As we started our afternoon ascension, many of the tour groups were mixed together. There was one particular group of English folks from Manchester who had as their star hiker a 61-year old woman with some kind of degenerative motor neuron disease. Her gait was awkward and she kept balance with two walking sticks. She lurched from side to side slowly. She was soaked in sweat but didn't seem to be suffering in the least. I walked behind her for a while, awed by her determination.
As I'd guessed, of the six brave souls on our team, the Aussies Matt and Leanne were doing fine. Alec was doing ok but the rest were suffering mightily. Lauren finally succumbed and gave her pack to a chaski. The Englishwoman Emma was pinker than usual. Her nose glowed like a red christmas bulb. Michael was way in the back, so far back that nobody was quite sure where he was. Nilton, one of our guides, was surely with him since his job was to play sweeper.

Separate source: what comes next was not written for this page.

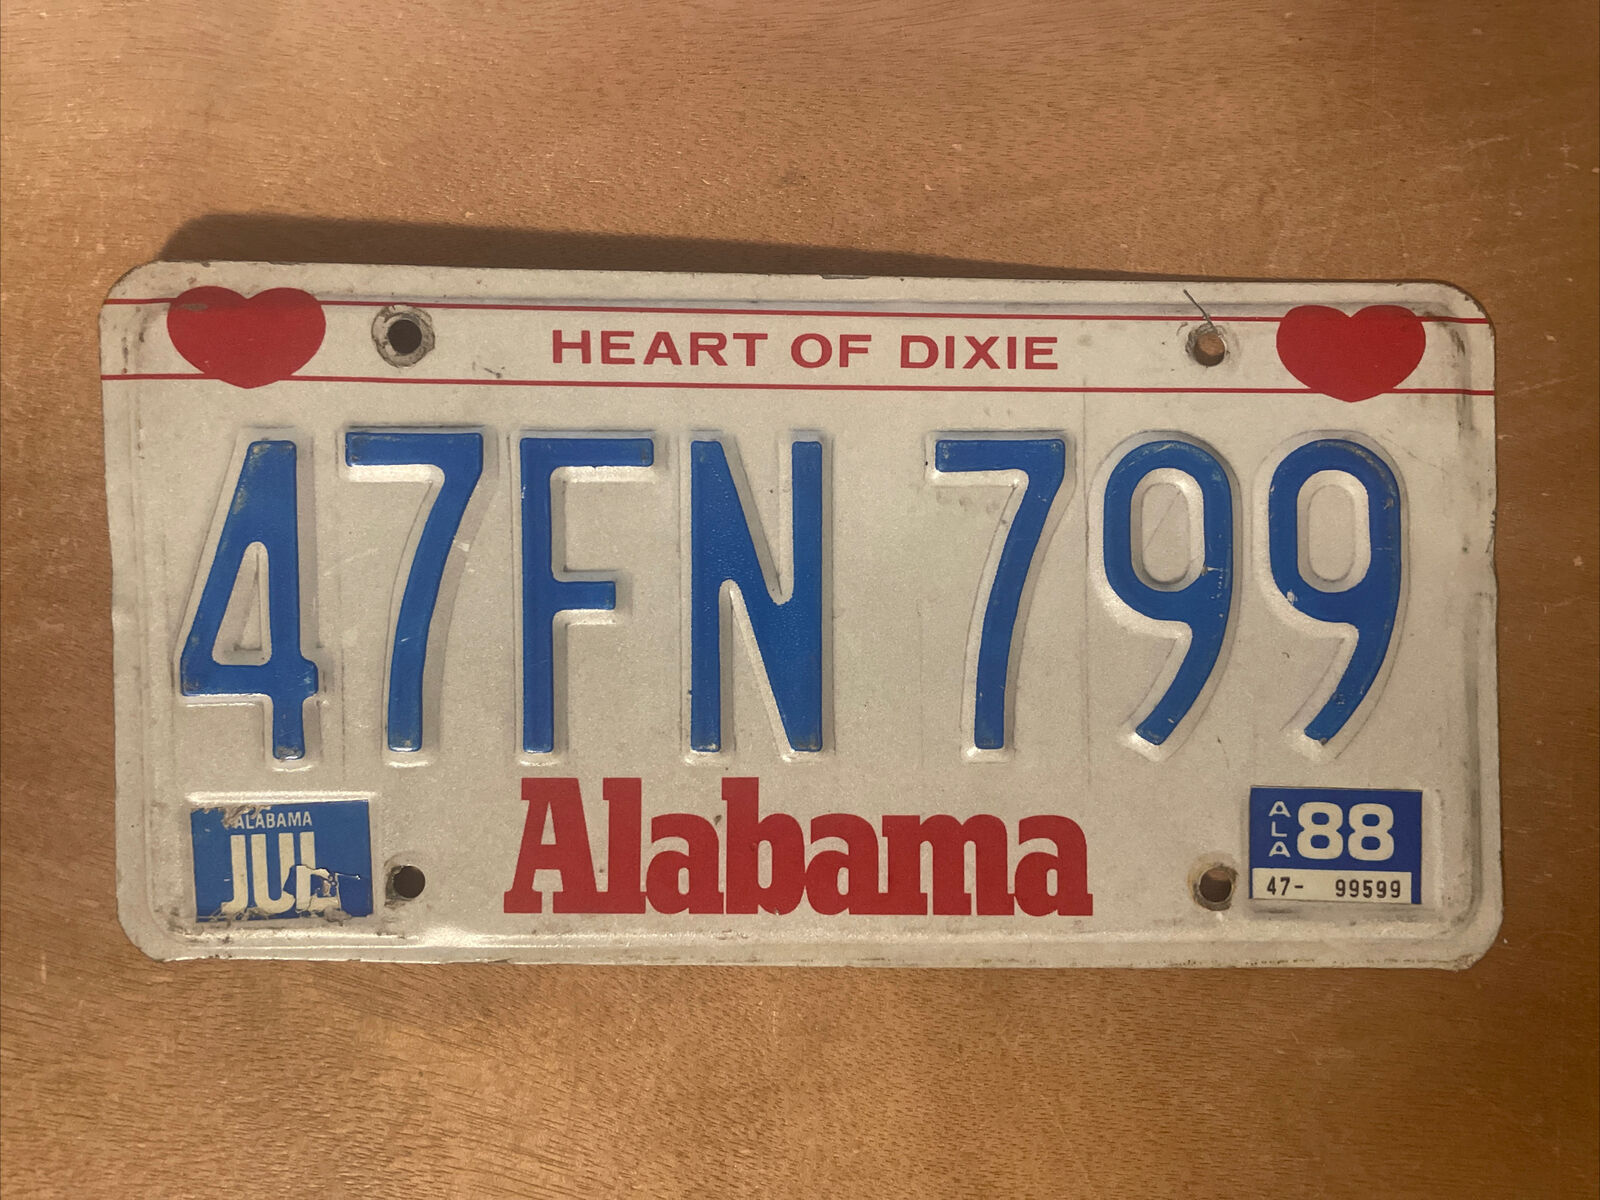 1988 Alabama License Plate # 47FN 799

Dodo and I reached Dead Woman's Pass about two hours after lunch. We joined Matt and Leanne and waited for the others. Manny suggested we all wait and take a group picture. He couldn't convince the ringleader Maya and her three friends. They had no interest in his suggestion or the rest of us and took off towards camp. Alec joined us, then Emma, then Lauren (sans pack) and we all decided we'd wait for Michael no matter how long it took him. The Mancunians were all around us waiting for their star. A few minutes later there was screaming and hollering and I looked down the mountain and saw the handicapped woman approaching the top. We all stood and started clapping to encourage her. I was biting my lip to hold back tears as were a few others. She stepped onto the top and her crew swarmed her, giving her hugs. "Oh my god, I feel like I am going to cry" said Ashley, one of the Americans on our crew. A few minutes later we screamed and yelled for Michael as he struggled to the top. Dodo ran over and took his photo. Alec, his friend, was nowhere to be found, he was already on his way down the other side of the mountain.
Dodo and I took a photo at the Dead Woman's Pass marker. The wind was howling - I had on two hats and all the layers in my possession and I was still cold.

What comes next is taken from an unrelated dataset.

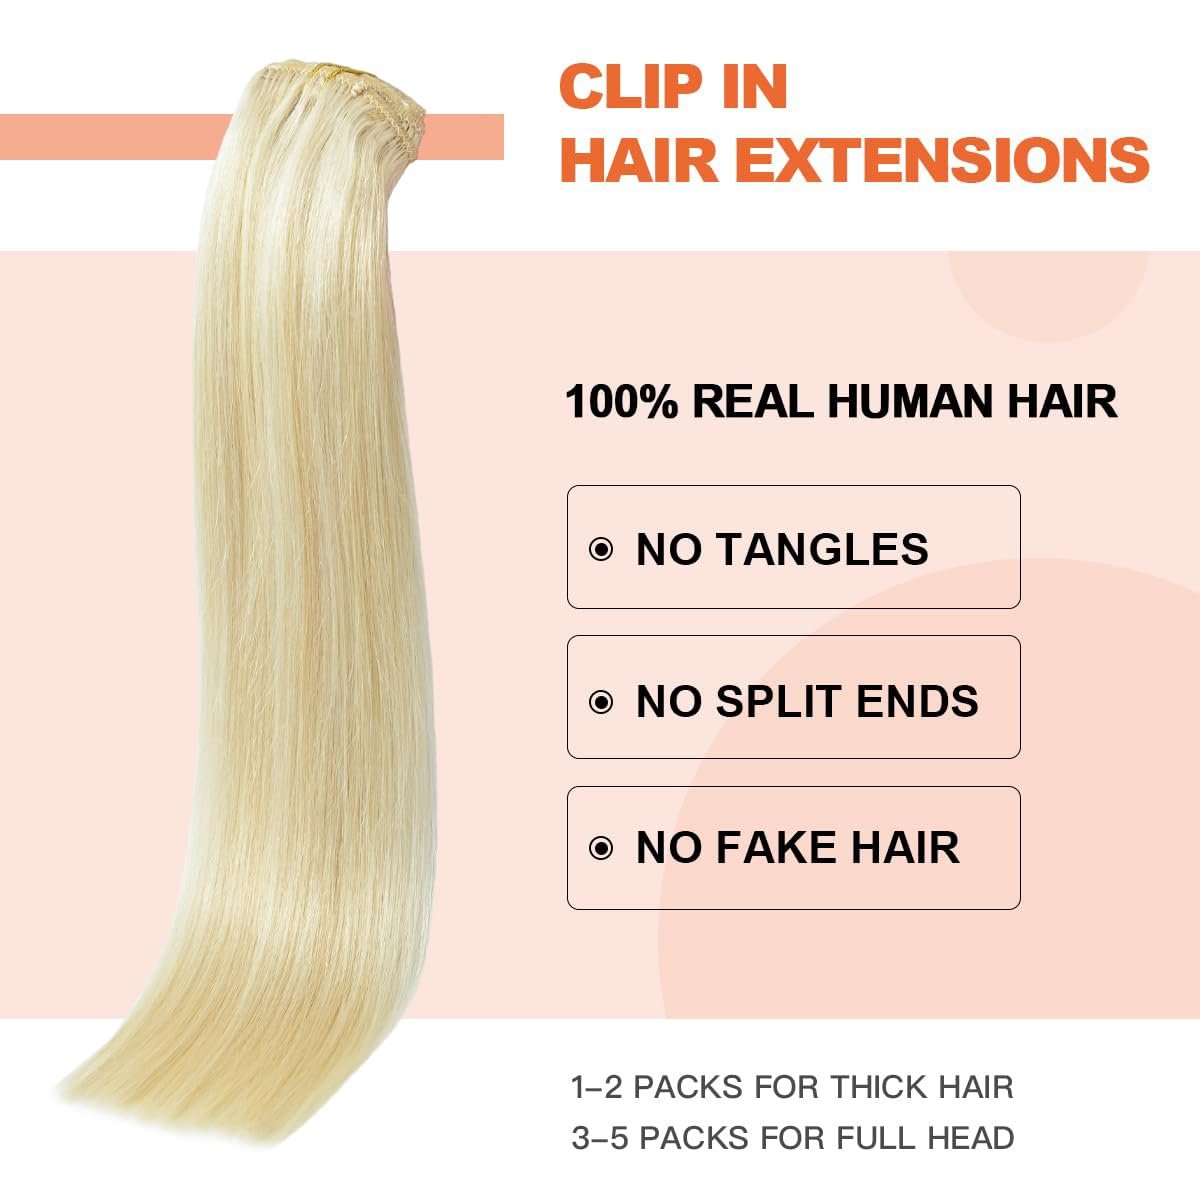 Platinum Blonde Hair Extensions Real Human Hair Review

One more look back down. The path is on the right side of the picture. That is 4,000 feet of climbing in one day.
The rock path down the other side of the pass looked like a dusty version of the yellow brick road. A steep, windswept path towards dinner and sleep.
We put our walking sticks to good use, trying our best to go down slowly and not tweak a knee or ankle. We were to descend for 3 hours.
On the way down we looked back up at Dead Woman's Pass, so named for the rock formation at the top. It's supposed to look like a woman on her back but I didn't really see it. My walking stick is supposedly pointed at her breasts. Once we made it to camp the chaskis gathered and clapped for us and welcomed us home. It was a spirited dinner, we'd all made it through the hardest part of the trek.